Diffusion approximation
Following a long tradition of modeling individual movement in space with diffusion (Fisher 1937; Wright 1943; Malécot 1948; Nagylaki 1978), we approximate the spatial movement of genetic material back in time by a diffusion process: The position of ancestral material at some time t in the past is the sum of migration events until then, which are often correlated only on small time scales. Therefore, by the central limit theorem, the probability density for the displacement of a lineage can be approximated by a Gaussian with axial variance σ2t that linearly increases back in time t (Fig. 2). Importantly, this is independent of details of the single-generation dispersal kernel, provided its variance is finite. The diffusion approximation typically needs several generations of migration events to become accurate, whereas it often also does not hold over very long timescales when large scale events such as colonization become important. However, on the recent to intermediate timescales relevant for the sharing of long IBD-blocks, it seems plausible that diffusion often accurately describes the spread of ancestry – as long as populations have reached a local equilibrium (Barton et al. 2002, 2013). If consecutive single generation dispersal events are uncorrelated, σ2 is simply the average squared axial parent-offspring distance. Even in face of small scale spatial or temporal correlations between dispersal events one can still hope to model the spread of ancestry by diffusion (Robledo-Arnuncio and Rousset 2010). Then σ2 has to be interpreted as a parameter describing the rate of spread of ancestry back in time (Barton et al. 2002), which can be markedly different from the single generation squared axial parent-offspring distance.

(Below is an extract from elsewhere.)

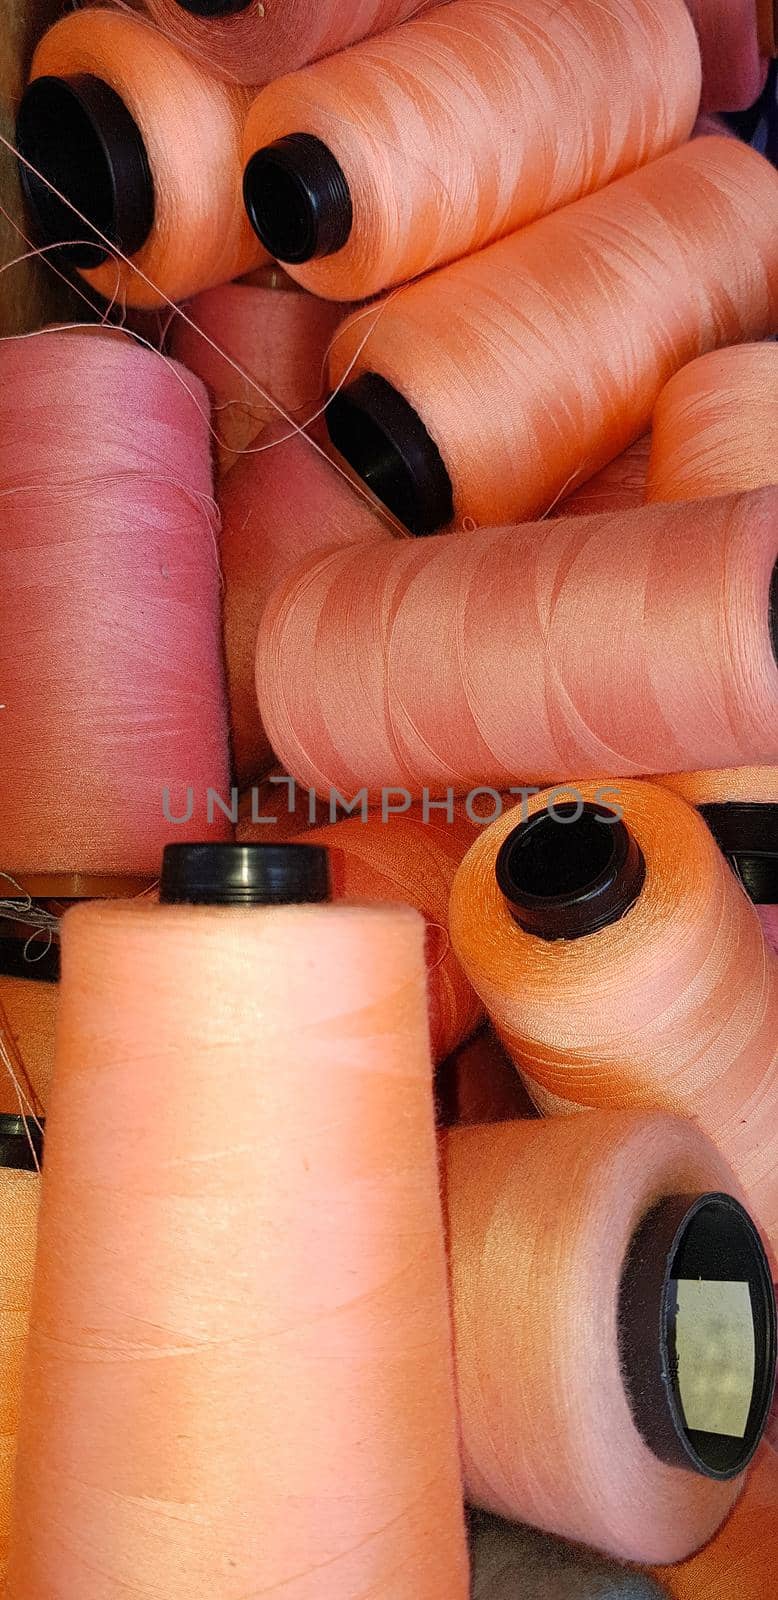 Colorful yarn on spool, yarn on tube, cotton, wool, linen thread orange

This diffusion approximation implicitly assumes neutrality for most parts of the genome, as selection can also influence the position of ancestral lineages. However, on the relatively short timescales considered here this is expected to significantly affect the geographic position of ancestral lineages only in the case of ongoing strong sweeps.
Here we need to describe the distance between pairs of lineages of homologous loci. We approximate this by adding the movement of two single lineages, which yields a Gaussian with twice the variance 2σ2t for the separating geographic distance at time t back. This approach of folding two independent random walks implicitly assumes that movement of a pair of lineages is independent. Typically correlations of movements are of geographically very local nature, e.g. in case of density fluctuations or local barriers, and often average out when viewed on larger scales (Barton et al. 2002). Thus this folding should be a sound approximation when describing the chance that ancestral genetic material of initially spatially well separated genetic material comes close. It furthermore ignores that once coalesced, lineages remain at pairwise distance 0. However, this can be safely neglected as long as pairwise coalescence is rare – as usually the case when only a small fraction of genetic material coalesces in the very recent past.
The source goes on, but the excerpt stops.